US General John Allen promised to hand Kandahari over to Afghan authorities for questioning within 24 hours, yet the next day the US command announced he had escaped and was nowhere to be found.
Predictably, the occupation authorities have denied involvement in the incident. “After thorough investigation, there was no credible evidence to substantiate misconduct by U.S. or ISAF forces relating to the detainees or deaths in Nerkh,” the International Security Assistance Force (ISAF), NATO’s military command in Afghanistan, asserted in a statement. ISAF representatives have asserted the roundups were carried out by Afghan forces, without collaboration by occupation forces.

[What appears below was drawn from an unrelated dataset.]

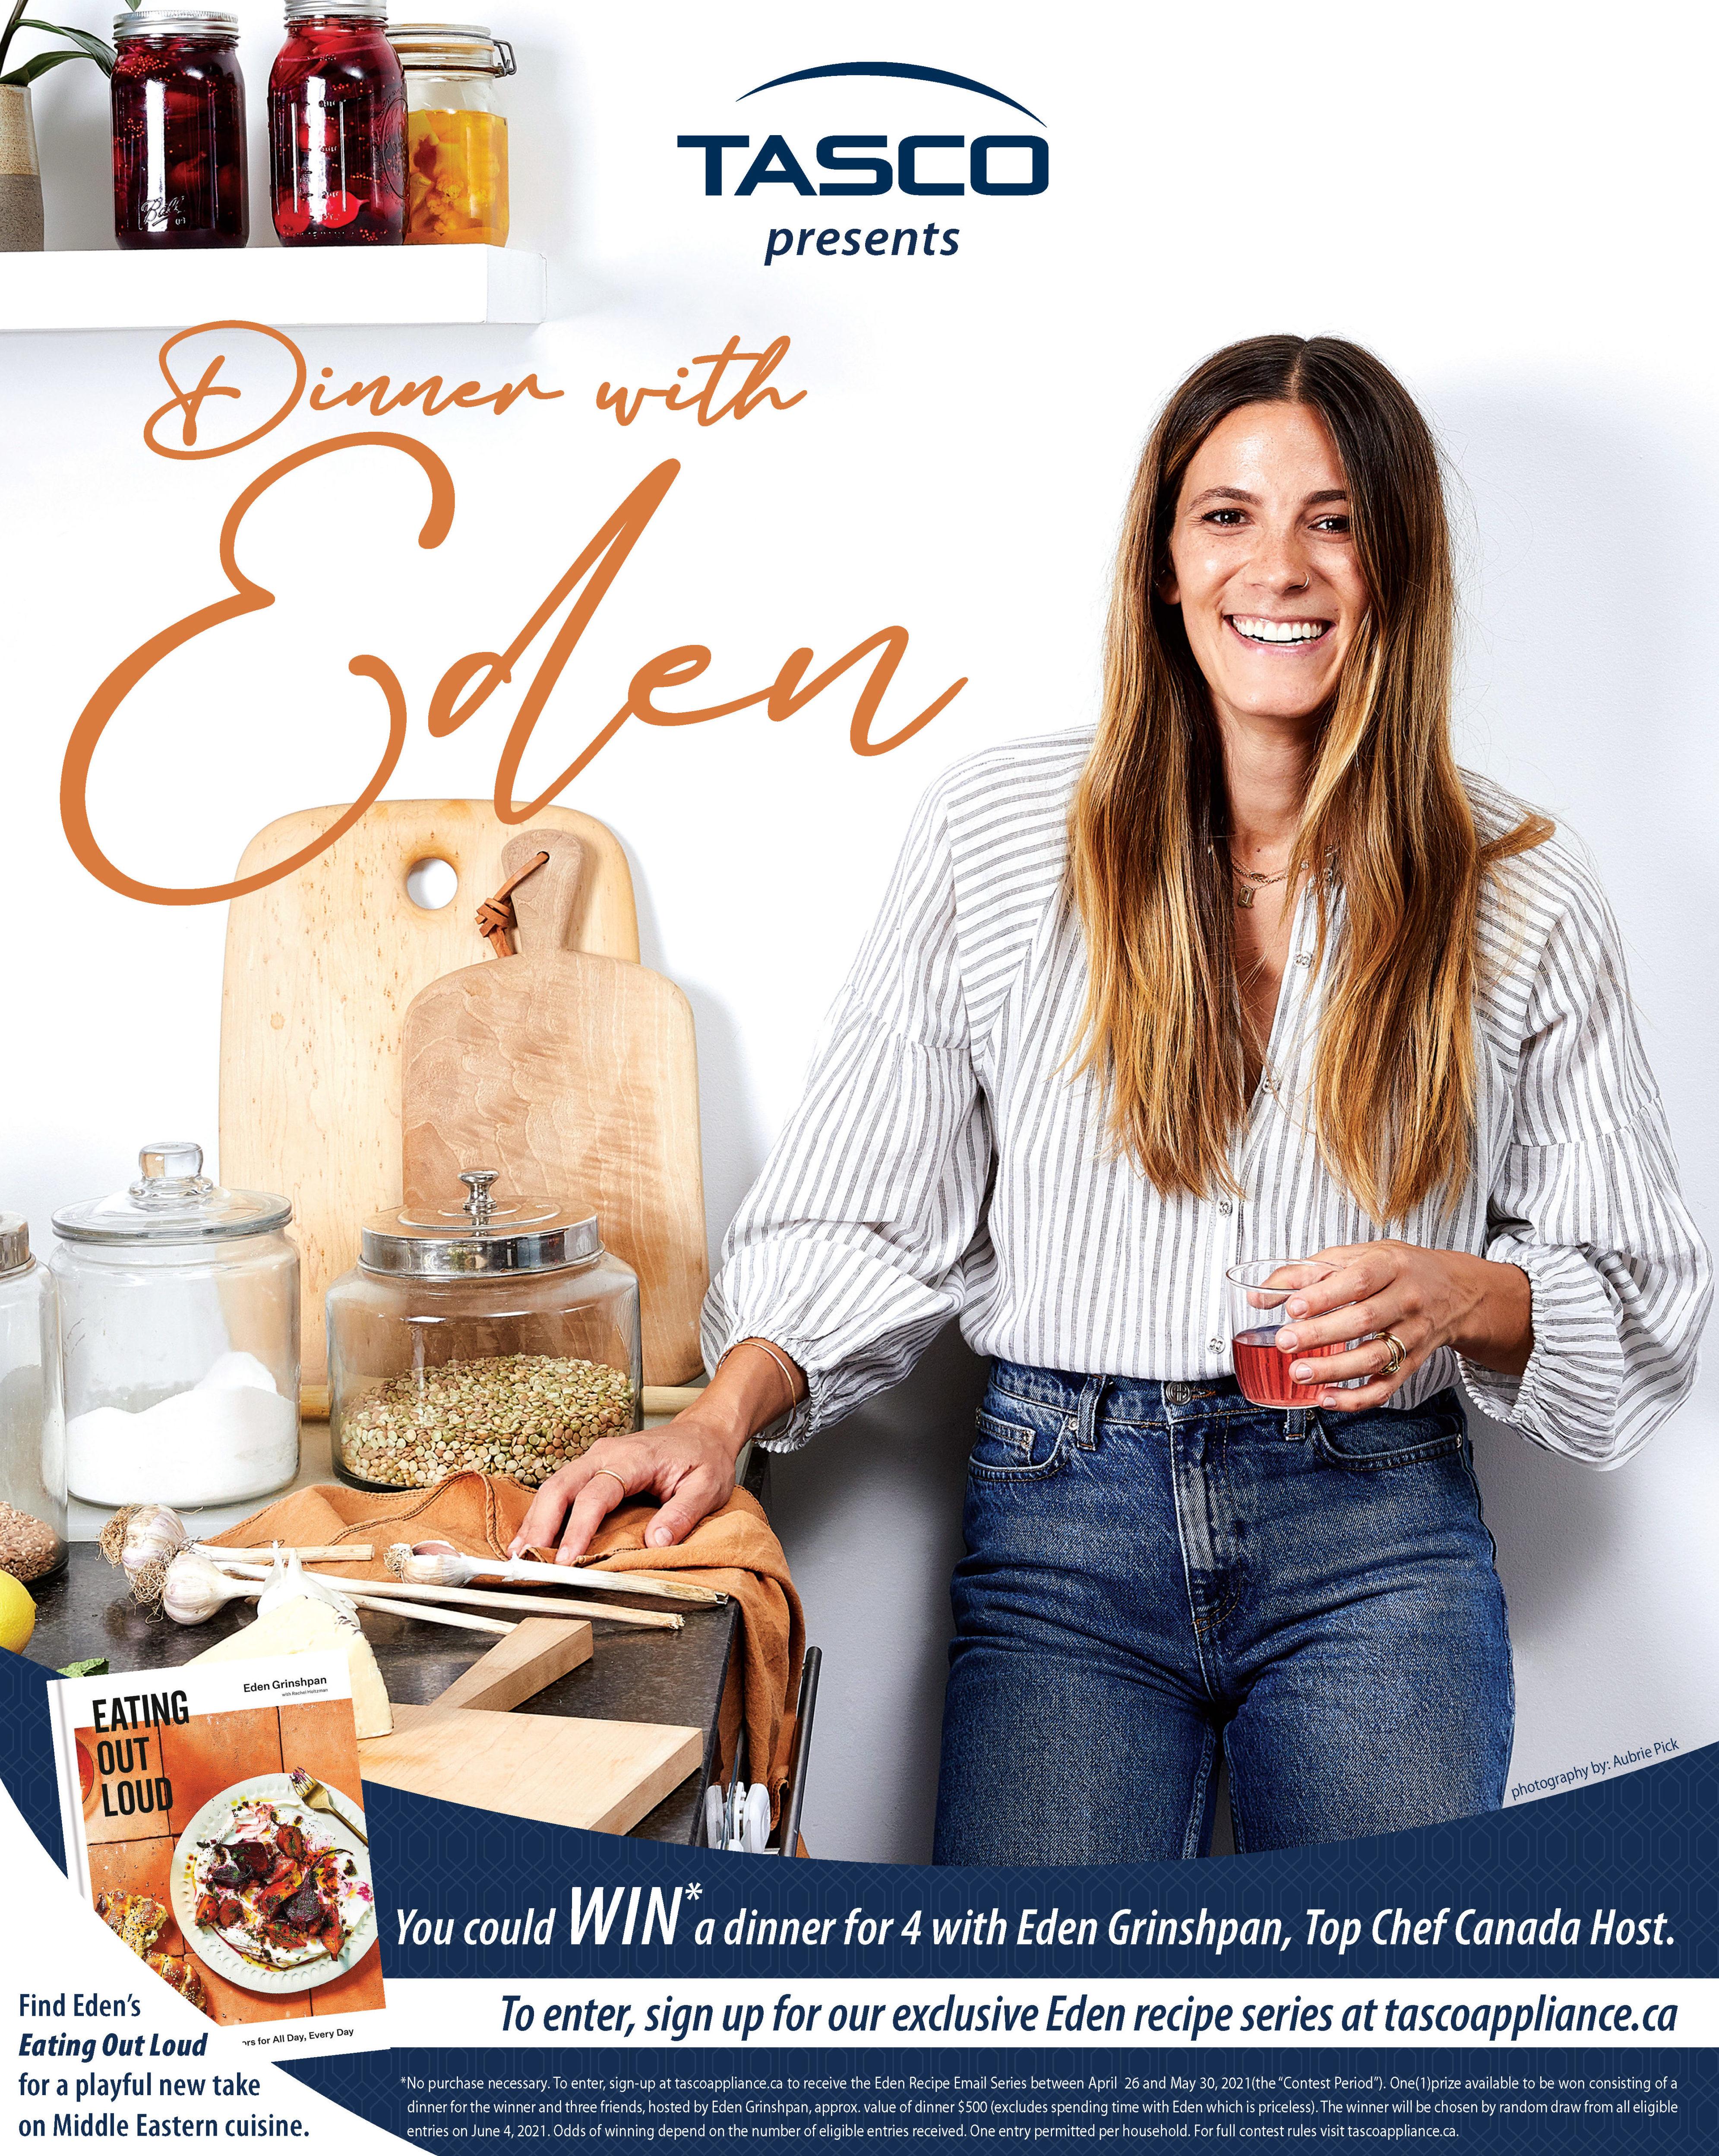 Dinner with Eden

Attempts to shift blame for the incident onto the Afghans are patently absurd given the long and continuing use of such methods by ISAF and especially US Special Forces.

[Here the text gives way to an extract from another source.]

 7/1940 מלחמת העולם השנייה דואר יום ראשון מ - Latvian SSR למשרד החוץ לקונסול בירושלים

US military forces in Afghanistan have established a network of black sites, where suspected insurgents can be taken at any time, including the notorious Bagram airbase. The US Joint Special Operations Command (JSOC) has authorization to hold suspected insurgents in these detention facilities for up to nine weeks without any pretense of legal charges, at which point a waiver from the Pentagon suffices to detain the prisoners indefinitely.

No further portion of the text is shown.